Ainda
estava a tentar recompor-me do choque, quando um embate me sacudiu
violentamente, obrigando o meu cinto de segurança a espremer-me
contra o banco do carro. Receosa, olhei em frente e tinha batido num
belíssimo BMW preto e coberto de lama, parado na autoestrada. Uma
mulher furiosa saiu de dentro do carro e fitou-me com raiva.
-
Tem noção do que acabou de fazer?
Eu
estava incrédula a olhá-la.
-
A senhora tem o descaramento de parar no meio da autoestrada!
O
olhar da mulher para mim, fez-me olhar em volta e perceber que já
havia saído da via rápida há muito tempo. Como era possível? Não
me recordava de todo de ter feito aquele caminho...
Voltei
a focar-me nos olhos negros e enraivecidos da mulher à minha frente.
Devia ter por volta dos 50 anos e o peso um pouco acima do
recomendado. Trazia vestido um fato já muito coçado pelo tempo e
uns sapatos que precisavam desesperadamente de graxa. Sacudi a cabeça
de modo a clarear os pensamentos. Em seguida, saquei de uma
declaração amigável, não havia nada a fazer, eu era a culpada e
pronto.
Após
assinarmos e preenchermos todos os protocolos dirigi-me à empresa
com a certeza de que o meu dia estava fadado ao sofrimento. Como
pudera esquecer os meus óculos de sol da sorte?
Durante
a amanhã, tudo parecia correr mal e a minha dificuldade de
concentração valeu-me uma bela descomportura por parte do meu
chefe. À hora de almoço, já não aguentava mais...
Às
13 em ponto saí do edifício envidraçado e entrei no meu carro.
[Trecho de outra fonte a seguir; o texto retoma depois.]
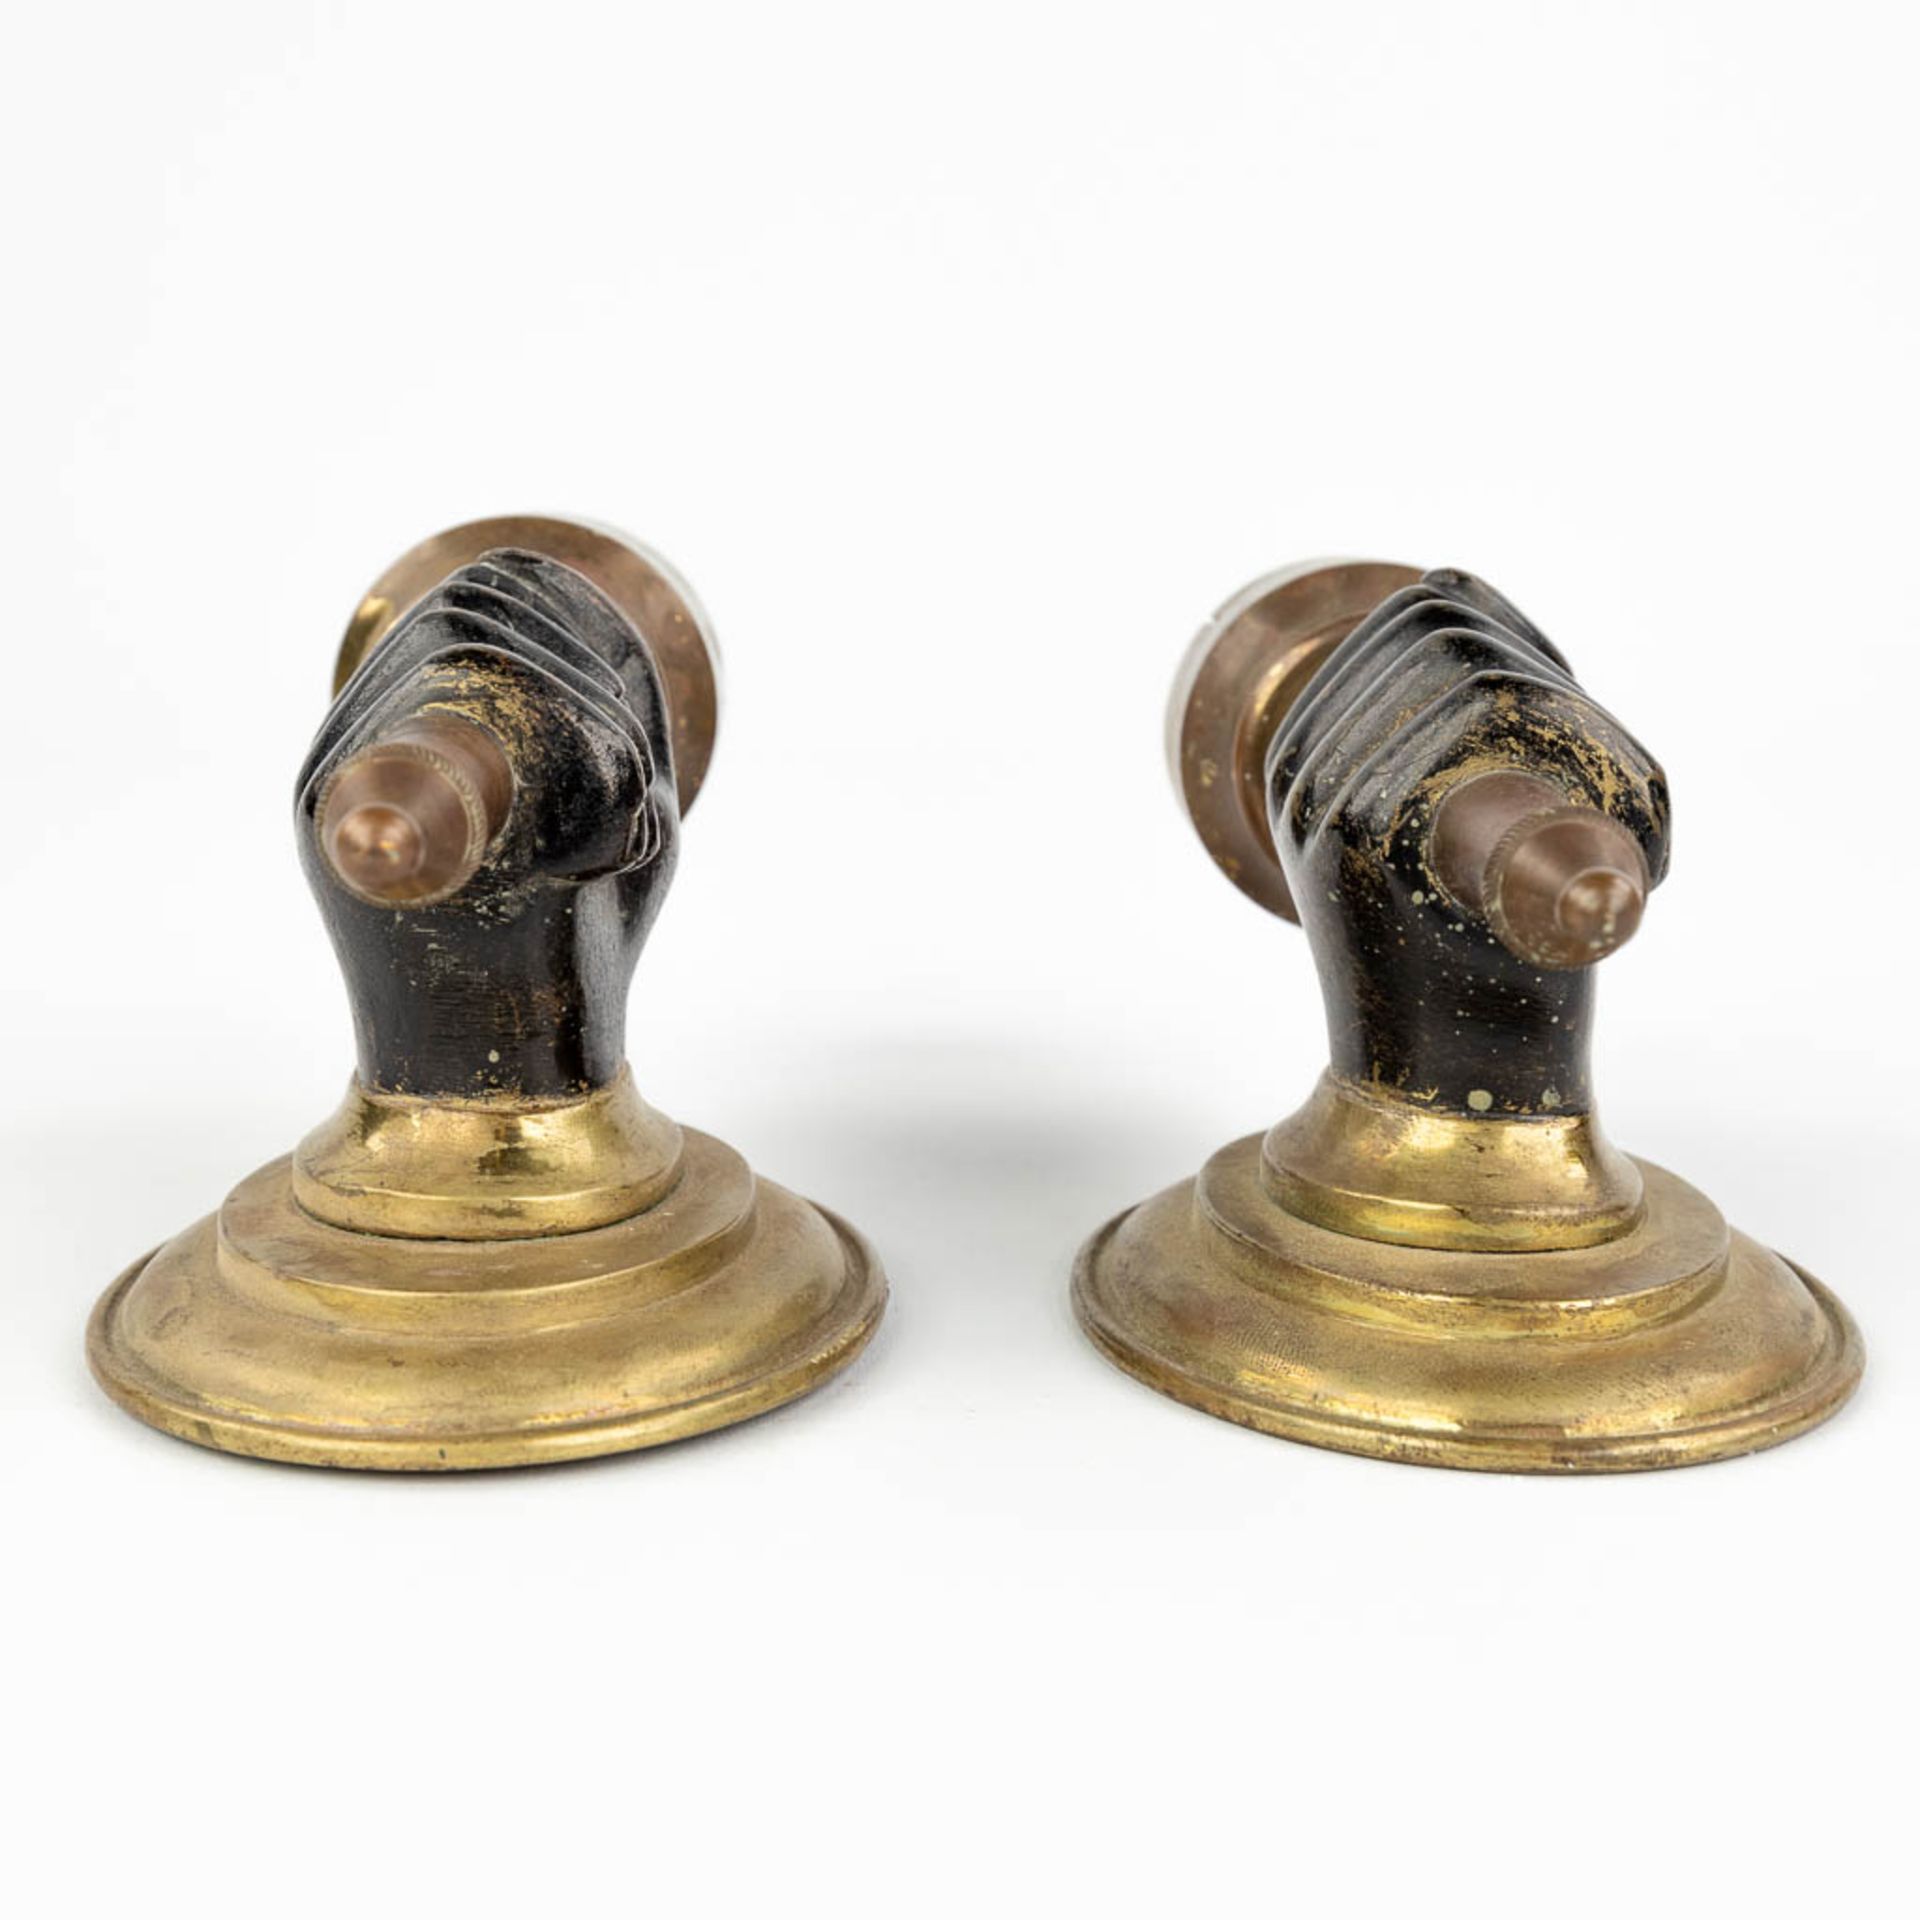 A pair of wall lamps in the shape of a hand with torch, circa 1900. (L:8 x W:7,5 x H:15 cm) - Image 7 of 10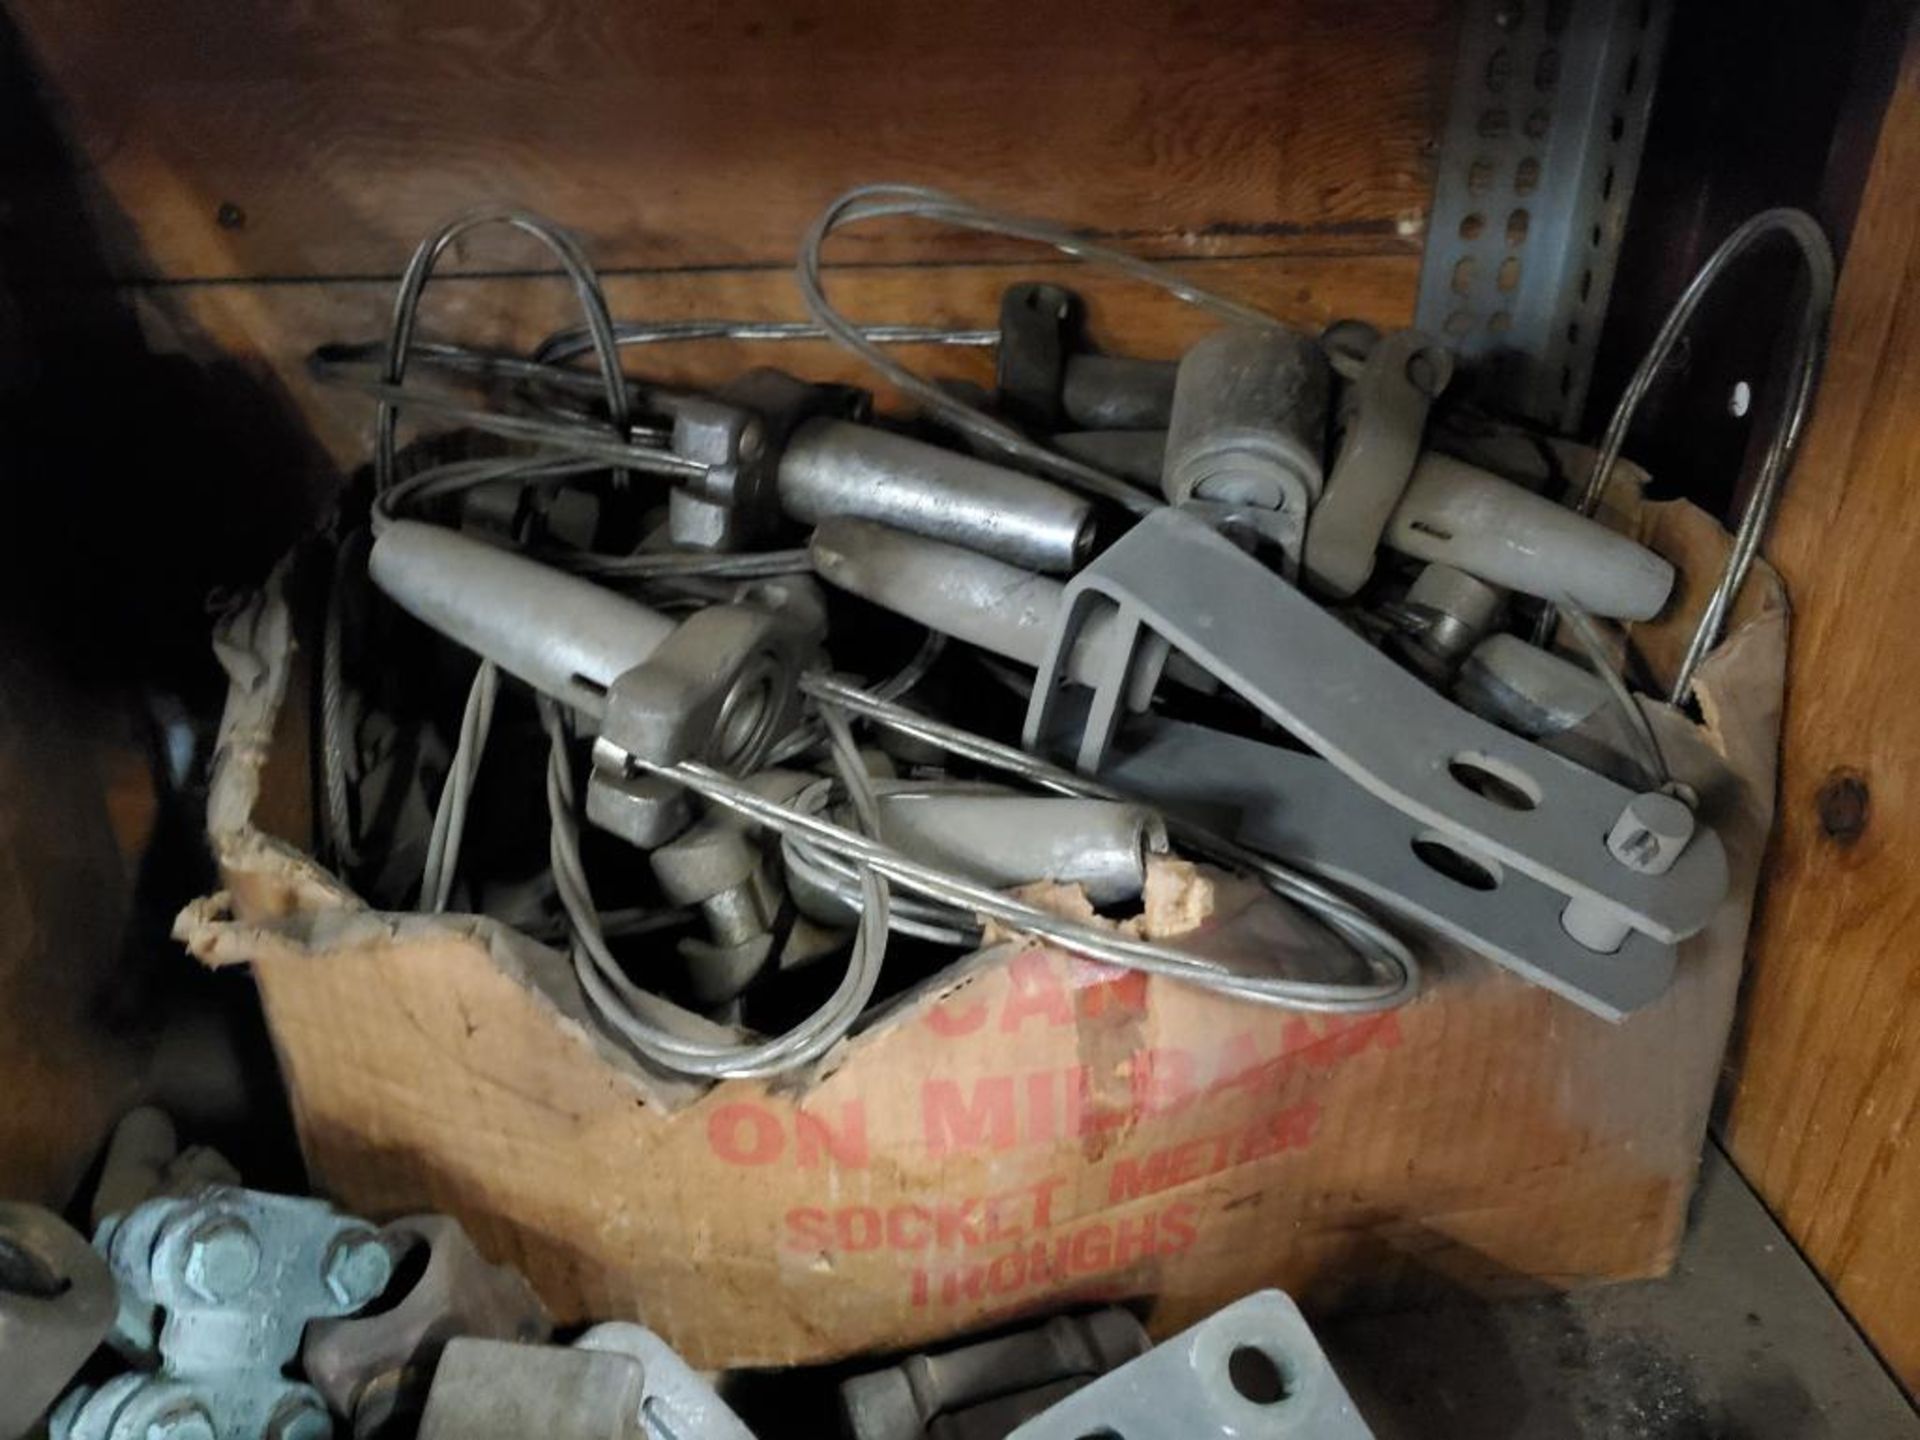 Contents of one shelf cubby - Large assortment of electrical lugs, fittings, and connectors. - Image 6 of 8

Recostei-me no banco, sentia uma pressão enorme sobre o peito, como
se algo se fosse estragar ou avariar dentro de mim. Respirei fundo e
arranquei.
Não
havia qualquer motivo lógico para me sentir assim, era apenas um par
de óculos, mas uma vozinha no meu interior dizia-me “Não, não
era. Era a tua sorte condensada num único objecto.” enquanto outra
vozinha me chamava ridícula. Enquanto as duas discutiam acaloradas
dentro da minha cabeça, eu seguia a grande velocidade pelas ruas,
sem ver realmente as coisas que passavam por mim.
A
certa altura, não reparei num semáforo que acabara de mudar de cor
e ao passá-lo, alguém se atravessou na frente do meu carro. Não
travei a tempo...
O
pânico fez com que o meu corpo estremecesse em violentos espasmos,
enquanto os meus olhos estavam turvos pelas lágrimas. Após um
minuto de silêncio, a rua encheu-se de gritos e eu saí do carro e
corri para o corpo imóvel no chão. Ao chegar perto dele, percebi
que conhecia aquele rosto ensanguentado.
CONTINUA ...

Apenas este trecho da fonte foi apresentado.